Three Questions for J. Craig Venter
Gene research and Silicon Valley-style computing are starting to merge.
The number of human genomes being sequenced is increasing exponentially.
Genome scientist and entrepreneur J. Craig Venter is best known for being the first person to sequence his own genome, back in 2001.
This year, he started a new company, Human Longevity, which intends to sequence one million human genomes by 2020, and ultimately offer Web-based programs to help people store and understand their genetic data (see “Microbes and Metabolites Fuel an Ambitious Aging Project”).
Venter says that he’s sequenced 500 people’s genomes so far, and that volunteers are starting to also undergo a battery of tests measuring their strength, brain size, how much blood their hearts pump, and, says Venter, “just about everything that can be measured about a person, without cutting them open.” This information will be fed into a database that can be used to discover links between genes and these traits, as well as disease.
But that’s going to require some massive data crunching. To get these skills, Venter recruited Franz Och, the machine-learning specialist leading Google Translate. Now Och will apply similar methods to studying genomes in a data science and software shop that Venter is establishing in Mountain View, California.
The hire comes just as Google itself has launched a similar-sounding effort to start collecting biomedical data (see “What’s a Moon Shot Worth These Days”). Venter calls Google’s plans for a biomedical database “a baby step, a much smaller version of what we are doing.”
What’s clear is that genome research and data science are coming together in new ways, and at a much larger scale than ever before. We asked Venter why.
How are we doing in genomics?
In my view there have not been a significant number of advances. One reason for that is that genomics follows a law of very big numbers. I’ve had my genome for 15 years, and there’s not much I can learn because there are not that many others to compare it to.

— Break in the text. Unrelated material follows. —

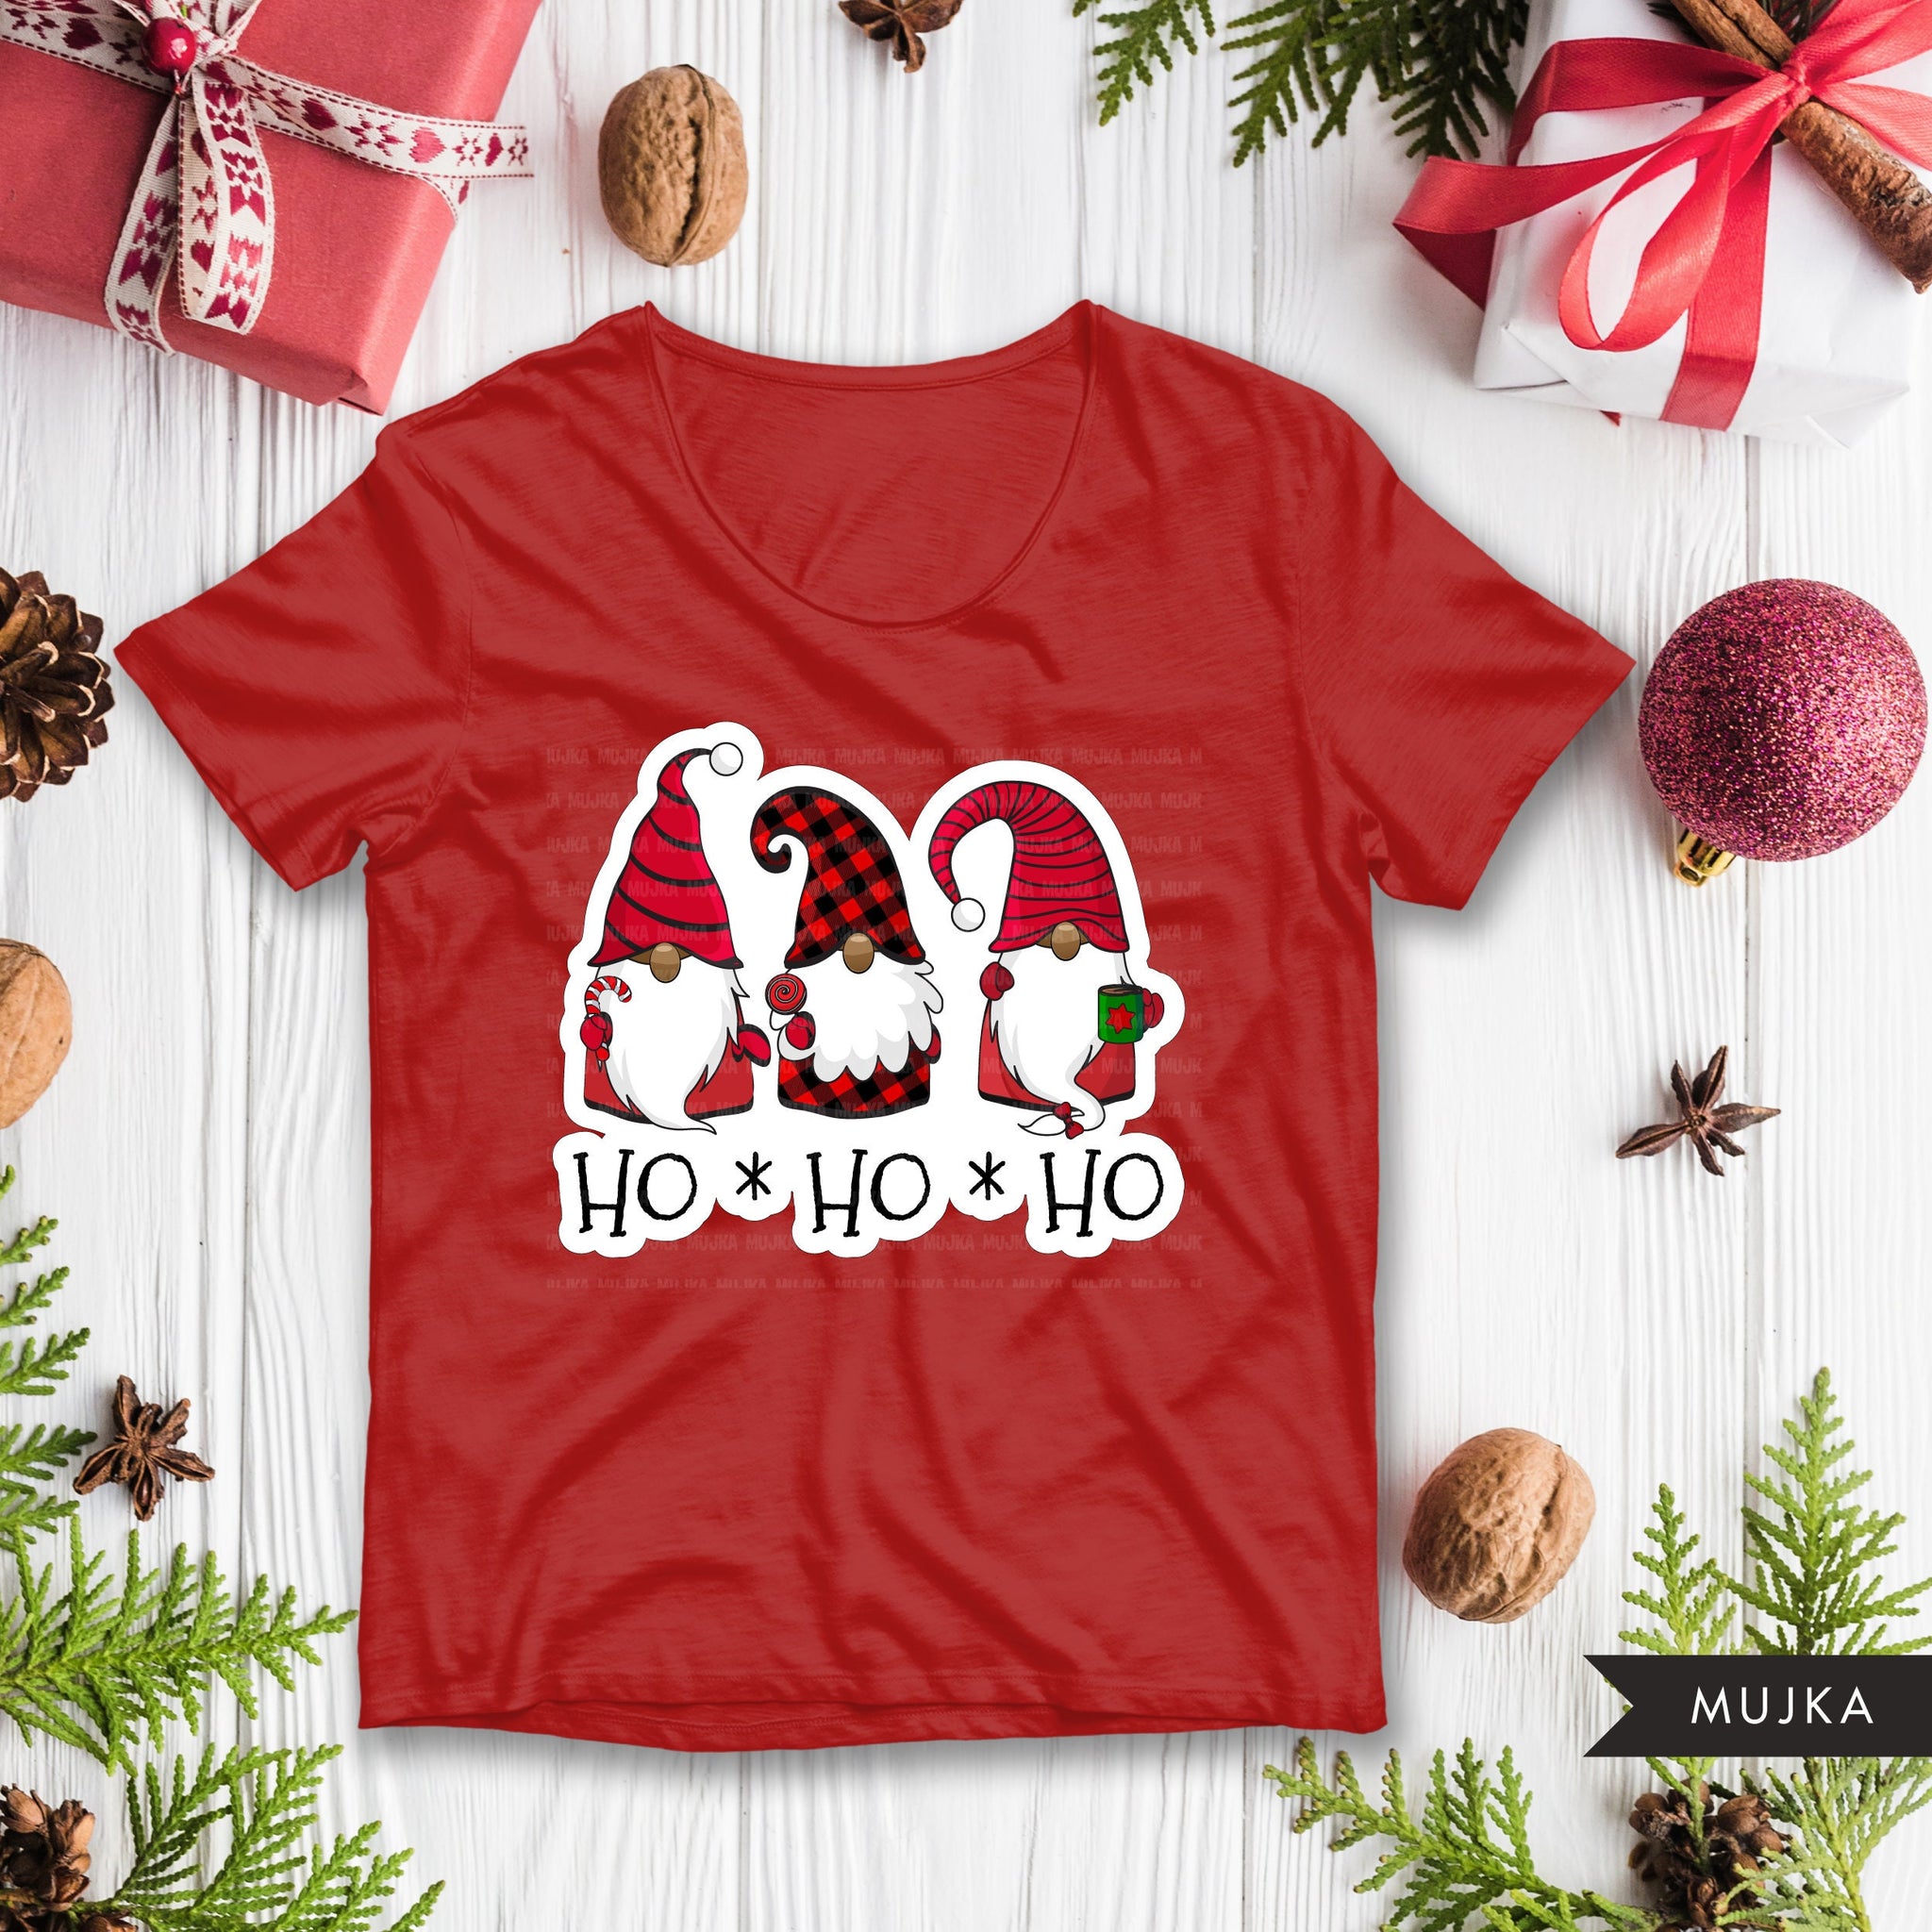 Christmas gnomes png, Christmas gnomes shirt, gnome clipart, gnome sublimation digital designs, merry Christmas png, ho ho ho png, Santa png

Why did you hire an expert in machine translation as your top data scientist?
Until now, there’s not been software for comparing my genome to your genome, much less to a million genomes. We want to get to a point where it takes a few seconds to compare your genome to all the others. It’s going to take a lot of work to do that.
Google Translate started as a slow algorithm that took hours or days to run and was not very accurate. But Franz [Och] built a machine-learning version that could go out on the Web and find every article translated from German to English or vice versa, and learn from those. And then it was optimized, so it works in milliseconds.
I convinced Franz, and he convinced himself, that understanding the human genome at the scale that we are trying to do it is going to be one of the greatest translation challenges in history.
How is discovering the connection between genes and disease like translating languages?
Everything in a cell derives from your DNA code, all the proteins, their structure, whether they last seconds or days. All that is preprogrammed in DNA language. Then it is translated into life. People are going to be very surprised about how much of a DNA software species we are.